Task directions:
After locating the line that bears "Bananenmilch mit Splash (Close Up)", restate word for word that line and the rest of the listing to its final line, excluding all pictures.

Available data:
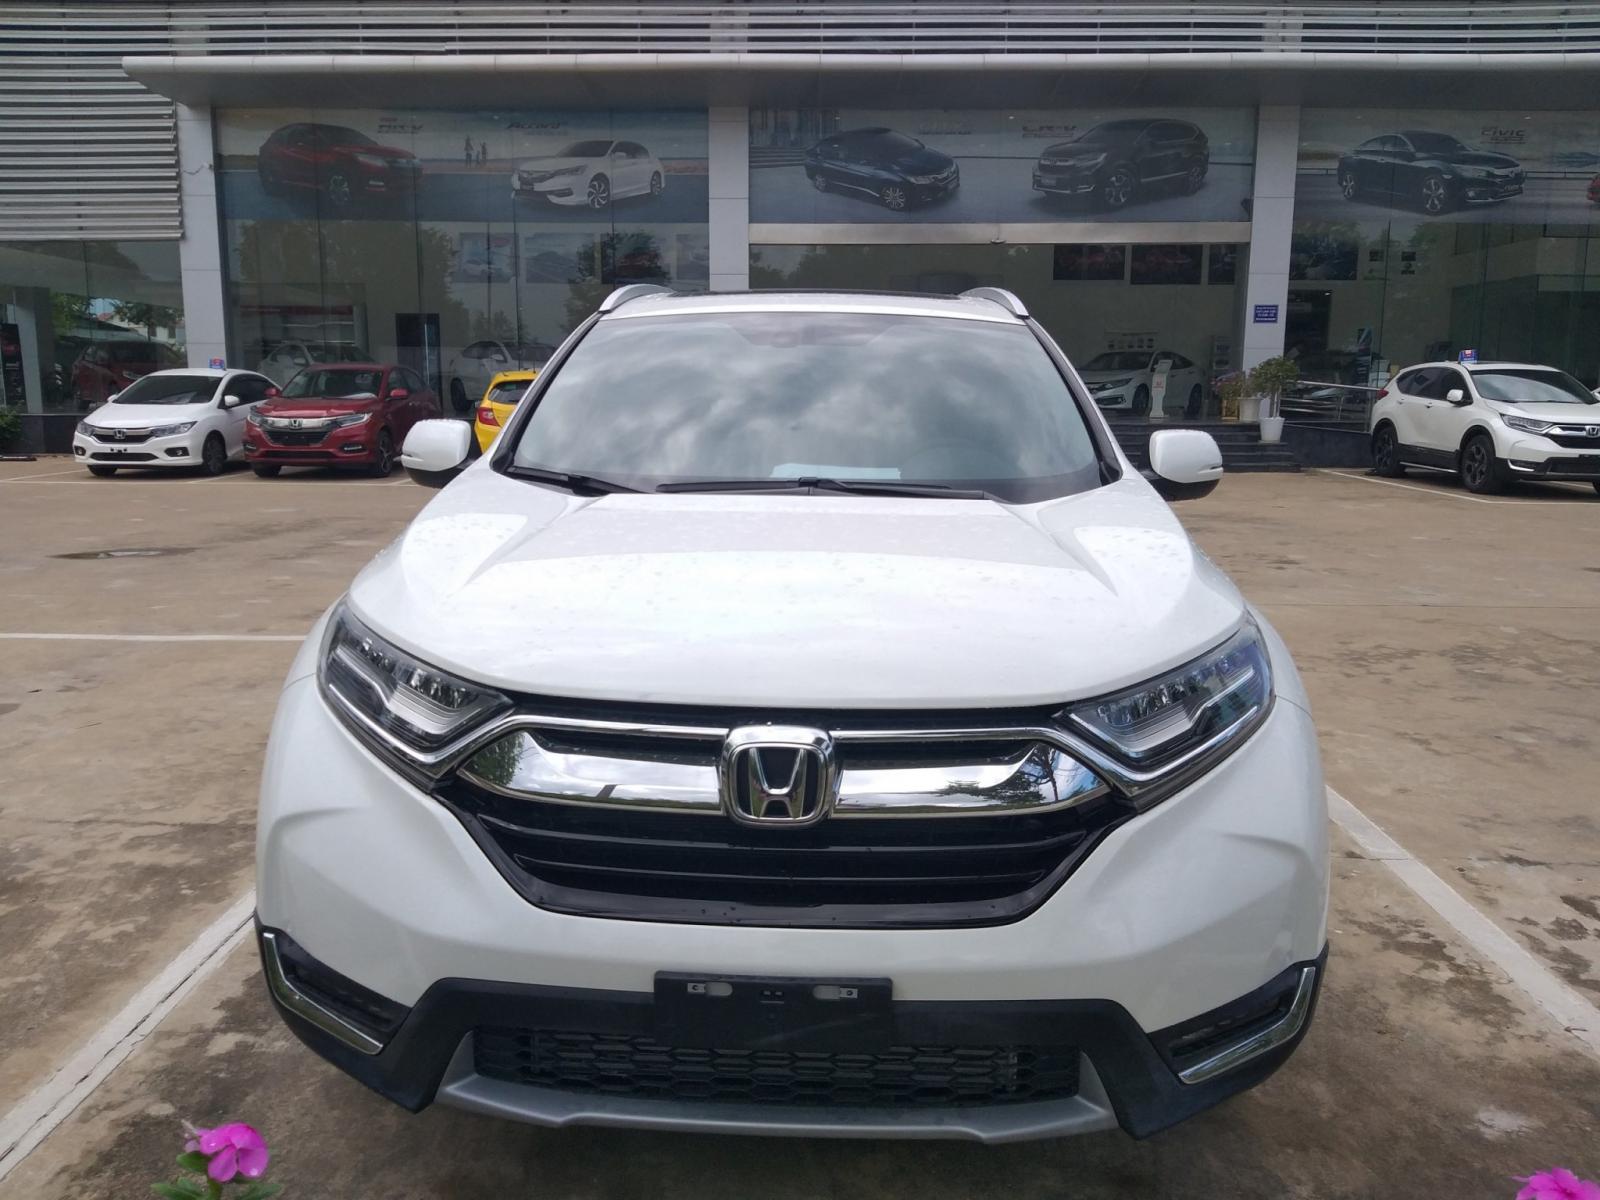 Giao ngay Honda CR-V 1.5 l, màu trắng, đời 2019, giảm giá sốc khi mua xe tại Honda Ôtô Thanh Hóa, LH: 0962028368.-2
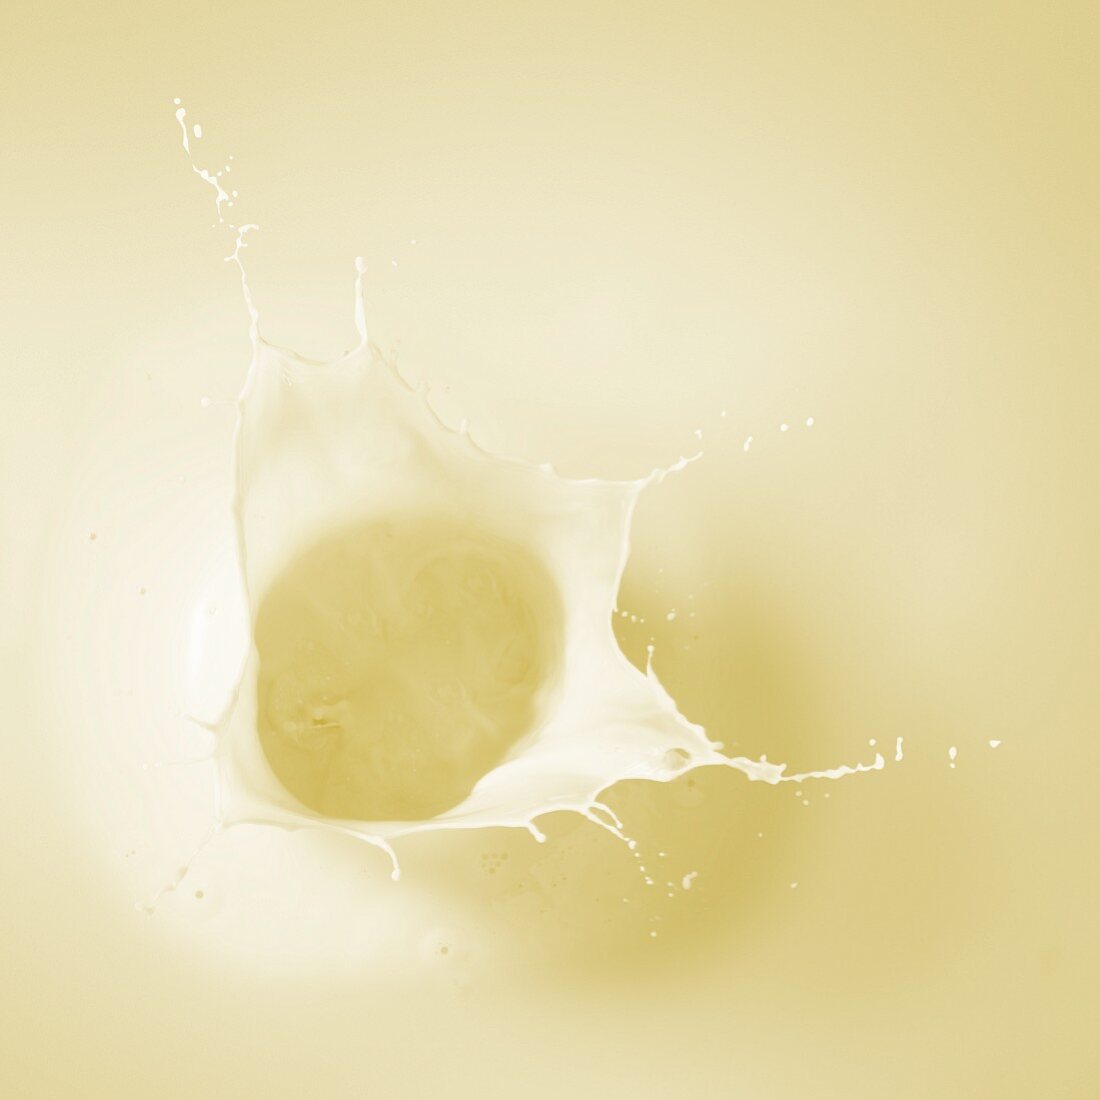 Bananenmilch mit Splash (Close Up)
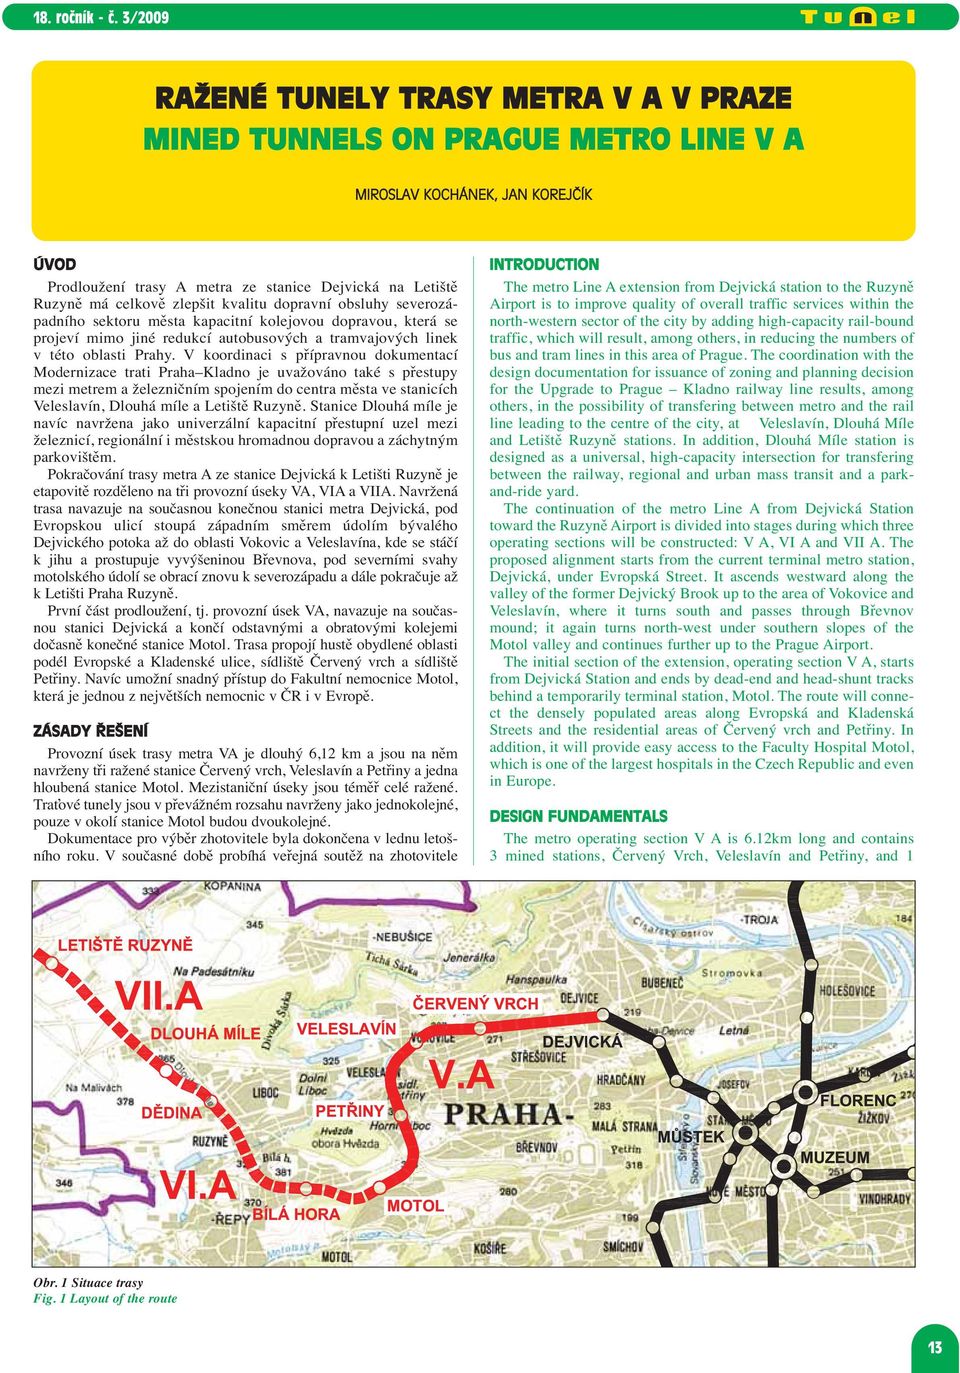 V koordinaci s přípravnou dokumentací Modernizace trati Pra ha Kladno je uvažováno také s přestupy mezi metrem a železničním spojením do centra města ve stanicích Veleslavín, Dlouhá míle a Letiště

Answer to the exercise:
 Bananenmilch mit Splash (Close Up)
 V koordinaci s přípravnou dokumentací Modernizace trati Pra ha Kladno je uvažováno také s přestupy mezi metrem a železničním spojením do centra města ve stanicích Veleslavín, Dlouhá míle a Letiště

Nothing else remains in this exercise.